To understand the subtraction process in x86 Assembly language, you must go through some important topics we shared earlier:

To perform subtraction in x86 assembly we have to use SUB opcode and different registers for 8-bit and 16-bit numbers.

x86 Assembly Subtraction of 16-bit Numbers

Q: Write a program, take two 16-bit numbers of your choice, perform subtraction them and display the result.

PROGRAM

.Model small
.stack 100h

.data
b dw 08h
c dw 02h

.code
MAIN PROC
mov ax,@data
mov ds,ax

mov bx,b
mov cx,c

sub bx,cx
add bx,30h

mov ah,02
mov dx,bx
int 21h

main endp
end main

EXPLANATION

In the above program, we initialized two variables b and c with hexadecimal values. we use data type DW because we are performing 16-bit subtraction.
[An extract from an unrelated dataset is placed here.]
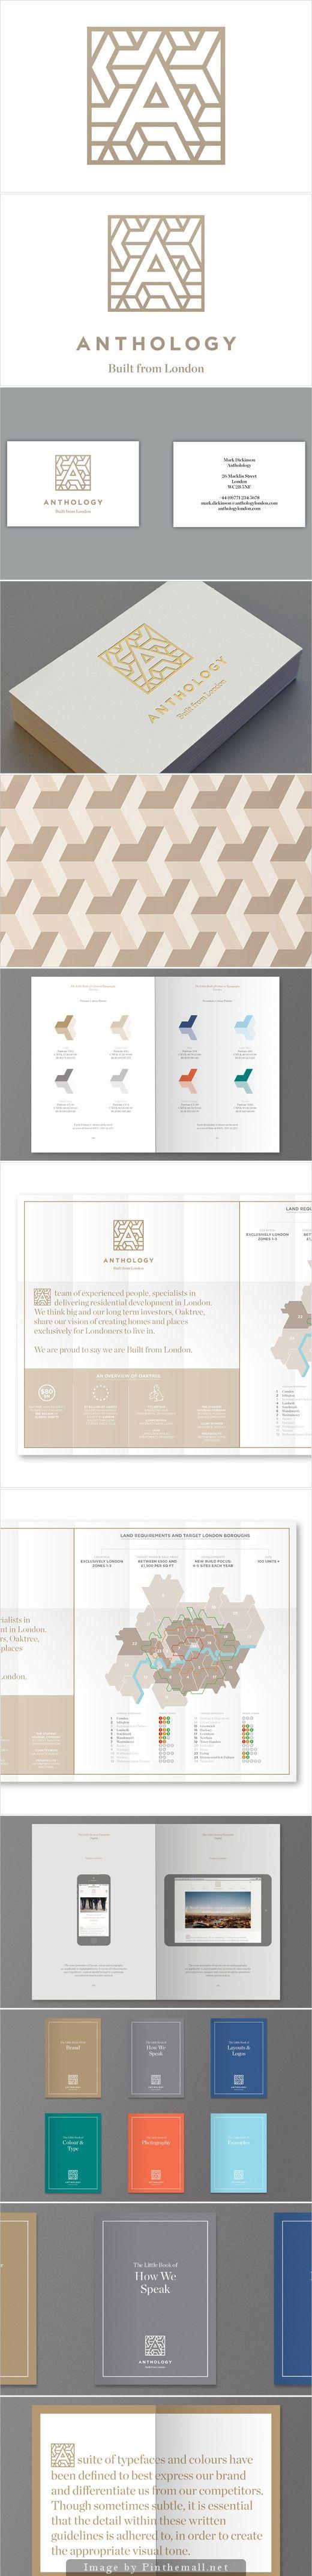 Greenspace Helps Shape 'Anthology' Property Brand

Then we use SUB opcode to perform subtraction and we added 30h to the result to show the result in integer form rather that hexadecimal form.


x86 Assembly Subtraction of 8-bit Numbers

Q: Write a program, take two 8-bit numbers of your choice, perform subtraction them and display the result.

PROGRAM

.Model small
.stack 100h

.data
b db 08h
c db 02h

.code
MAIN PROC
mov ax,@data
mov ds,ax

mov bl,b
mov cl,c

sub bl,cl
add bl,30h

mov ah,02
mov dl,bl
int 21h

main endp
end main

EXPLANATION

The above program is for 8-bit subtraction so we use 8-bit register AL, BL, CL, DL. All the other process is same as for 32-bit subtraction.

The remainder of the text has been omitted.